Layer 3: Offsite Replication (External Storage)

Target: rsync.net or similar external offsite storage
Replication: Nightly incremental sends over WireGuard/SSH
Retention: Full dataset + 30 days of snapshots
Recovery: Clone offsite snapshot to new volume, mount as new PV

How Snapshots Protect K8s Data

A snapshot is a point-in-time view of the filesystem. It’s not a copy.
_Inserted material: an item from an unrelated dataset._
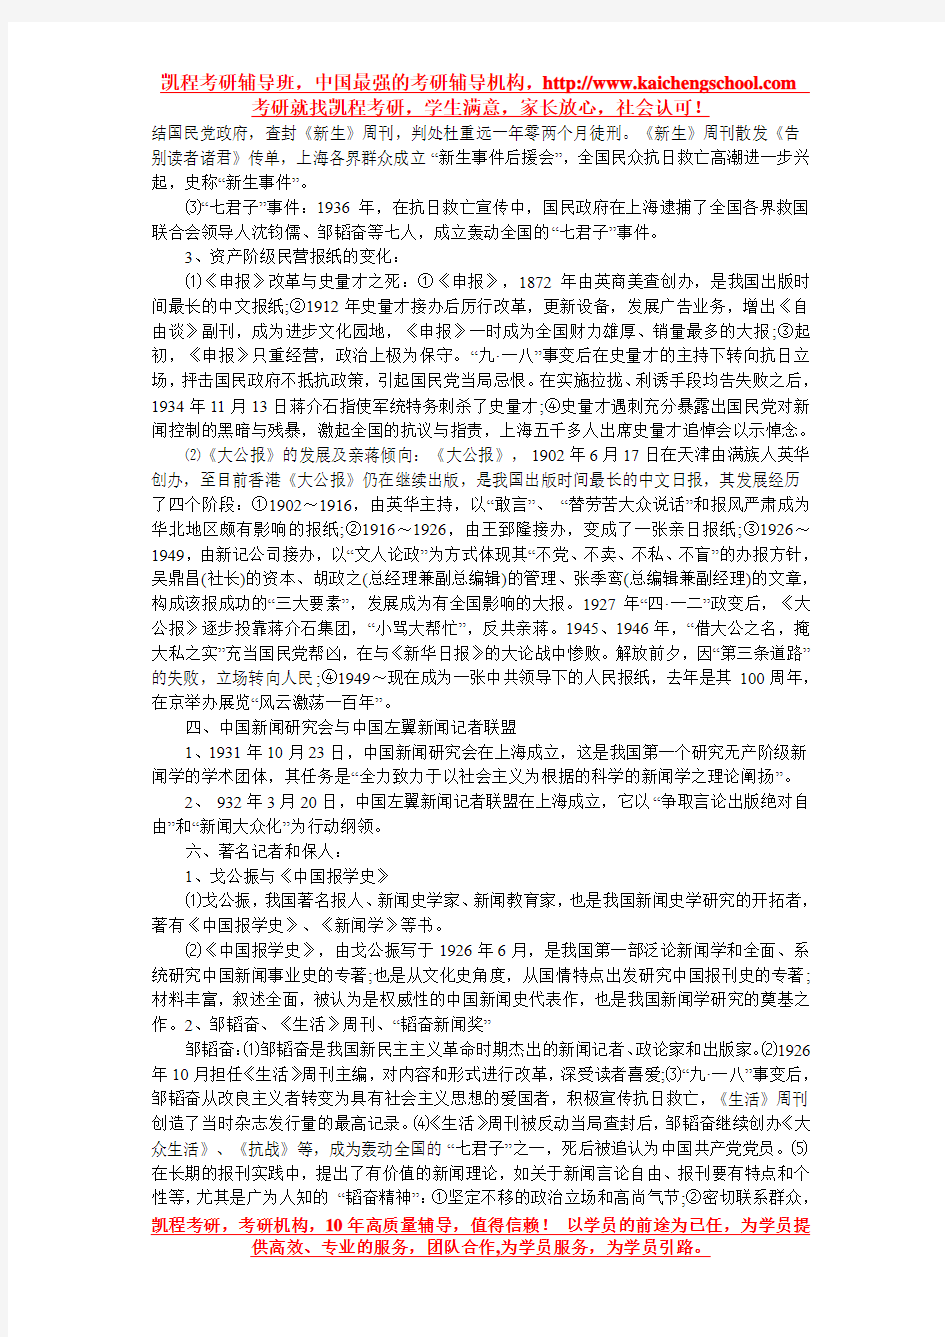 中国新闻事业史知识点梳理(第七章)

Key insight: Creating a snapshot takes microseconds and costs almost nothing in storage space. You can have 365+ snapshots per dataset and use nearly the same space as the original.

Real scenarios:

Scenario 1: Pod Crashes, Data Lost

Pod crashes → container restarts → mounts same NFS
Data is intact (stored on NFS, not in container)
Application sees its data, continues normally

Recovery time: Zero (automatic)

Scenario 2: Application Writes Bad Data

App bug corrupts database files
You notice 30 minutes later
Run: zfs rollback zroot/k8s-data@2026-04-15-09-00
Database returns to clean state from 30 min ago

Recovery time: <5 minutes

Scenario 3: Accidental Delete

Human error deletes important files
Too late for rm -r recovery
Clone offsite snapshot to recovery volume:
  zfs clone zroot/remote/k8s-data@2026-04-14 \
    zroot/recovery
Mount recovery dataset as new PV
App restores files from 24 hours ago

Recovery time: 5-10 minutes

Scenario 4: Entire Cluster Loss

Cluster hardware fails
All pods gone, all PVs gone
Have offsite ZFS snapshot from this morning
Clone offsite snapshot:
  zfs clone remote/k8s-data@2026-04-15 \
    zroot/recovery
Create new PV pointing to recovery dataset
Redeploy pods pointing to new PV
Data restored, minimal loss

Recovery time: 15-30 minutes (depends on cluster redeploy speed)

Implementation

Storage Class Configuration

Standard Kubernetes NFS storage class:

apiVersion: storage.k8s.io/v1
kind: StorageClass
metadata:
  name: nfs-csi
provisioner: nfs.csi.k8s.io
parameters:
  server: storage-node.internal  # Your FreeBSD storage nodes
  share: /export/k8s-data
  nfsvers: 3
reclaimPolicy: Retain
volumeBindingMode: Immediate
allowVolumeExpansion: true

Apps request storage normally:

apiVersion: v1
kind: PersistentVolumeClaim
metadata:
  name: postgres-data
spec:
  storageClassName: nfs-csi
  accessModes:
    - ReadWriteOnce
  resources:
    requests:
      storage: 100Gi

Automatic Snapshots with zfs-autobackup

We use zfs-autobackup, a Python tool that handles the entire workflow automatically.

Step 1: Tag datasets

zfs set autobackup:k8s-offsite=true zroot/k8s-data

Step 2: Run zfs-autobackup daily

The tool:

Creates snapshots automatically (tagged with the backup label)
Sends full dataset on first run
Sends only incremental changes on subsequent runs
Destroys incompatible snapshots automatically
Maintains retention policy (10 recent + daily + weekly + monthly)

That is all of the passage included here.